Substandard Medications Threaten the Eradication of Malaria
Health professionals attempting to treat patients with malaria are currently facing another complex obstacle in the developing world: the distribution of substandard, falsified and degraded antimalarial medications.
Drugs classified as substandard are medicines that have insufficient amounts of the necessary active ingredient. In order to effectively kill the bacteria and other harmful organisms thriving inside a malaria patient, the full, prescribed dose of the drug needs to be ingested.
When anything less than the full dose is ingested, these organisms not only continue to survive, but also develop a resistance to the drug entirely. This renders current anti-malaria drugs completely ineffective.
“Poor quality antimalarial drugs are very likely to jeopardize the unprecedented progress and investments in control and elimination of malaria made in the past decade,” according to Fogarty scientist, Gaurvika M.L. Nayyar.
Since the early 2000s, the World Health Organization has recommended artemisinin as the first line of treatment for malaria patients, since “artemisinin and its derivatives are powerful medicines known for their ability to swiftly reduce the number of Plasmodium parasites in the blood of patients with malaria.”

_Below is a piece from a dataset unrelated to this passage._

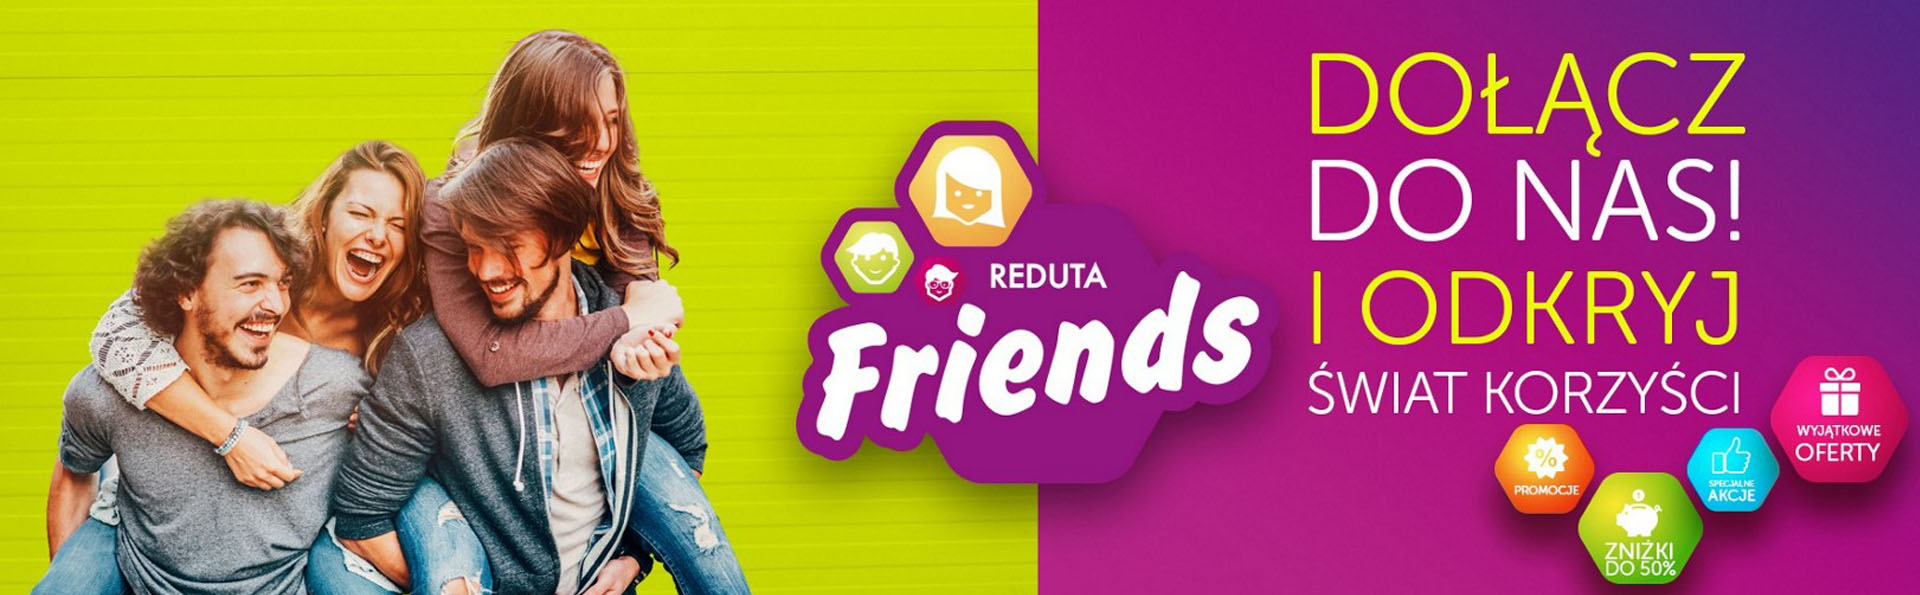 Reduta Friends

Artemisinin is combined with other supplementary drugs in Artemisinin Combination Therapy treatments in order to effectively assist those diagnosed with malaria. However, these substandard drugs are causing an increase in bacterial resistance to artemisinin treatments, rendering the first line of malaria defense utterly useless.
According to a study done by National Public Radio in 2012, “a third of all anti-malarial drugs taken off the shelf in nonrandom surveys in Africa and Asia were absolutely fake. In about 4,000 samples, there was not a drop of active ingredient there.”

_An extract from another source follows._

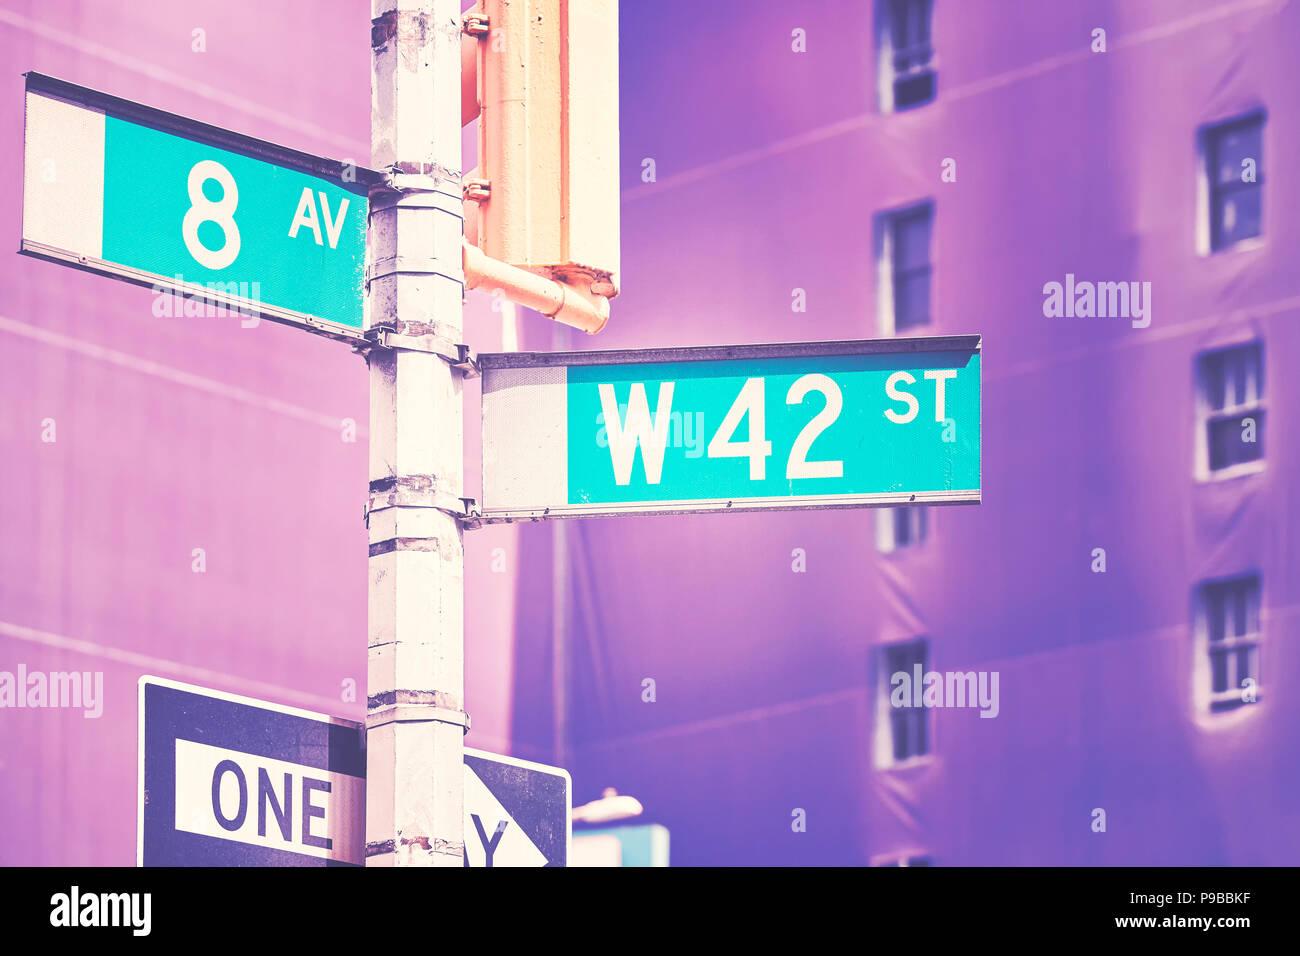 Manhattan West 42 Street und 8th Avenue Straßennamenschilder, Farbe stilisierte Bild, New York City, USA. Stockbild

The distribution of these partially active medications has recently been classified as a “global pandemic” affecting the poorest parts of the world, specifically West Africa and Southeast Asia, where drug regulatory systems are weak.
The Centers for Disease Control and Prevention said, “Counterfeiting occurs throughout the world, but it is most common in countries where there are few or no rules about making drugs. An estimated 10 percent to 30 percent of medicines sold in developing countries are counterfeit. In the industrialized world (countries such as the United States, Australia, Japan, Canada, New Zealand, and those in the European Union), estimates suggest that less than one percent of medicines sold are counterfeit.”
On April 20, The American Journal of Tropical Medicine and Hygiene released a special issue, titled “The Global Pandemic of Falsified Medicines: Laboratory and Field Innovations and Policy Perspectives,” which contained a series of 17 papers. Each is written by a different author from a different university or institution, yet all cover the implications surrounding the distribution of substandard medicines throughout the developing world.
According to one of the studies, over 122,350 child deaths were caused by insufficient or partially-active anti-malaria drugs in 2013 alone. This figure represents one-fifth of all deaths caused by malaria.
“These findings are a wake-up call demanding a series of interventions to better define and eliminate both criminal production and poor manufacturing of antimalarial drugs,” Nayyar said.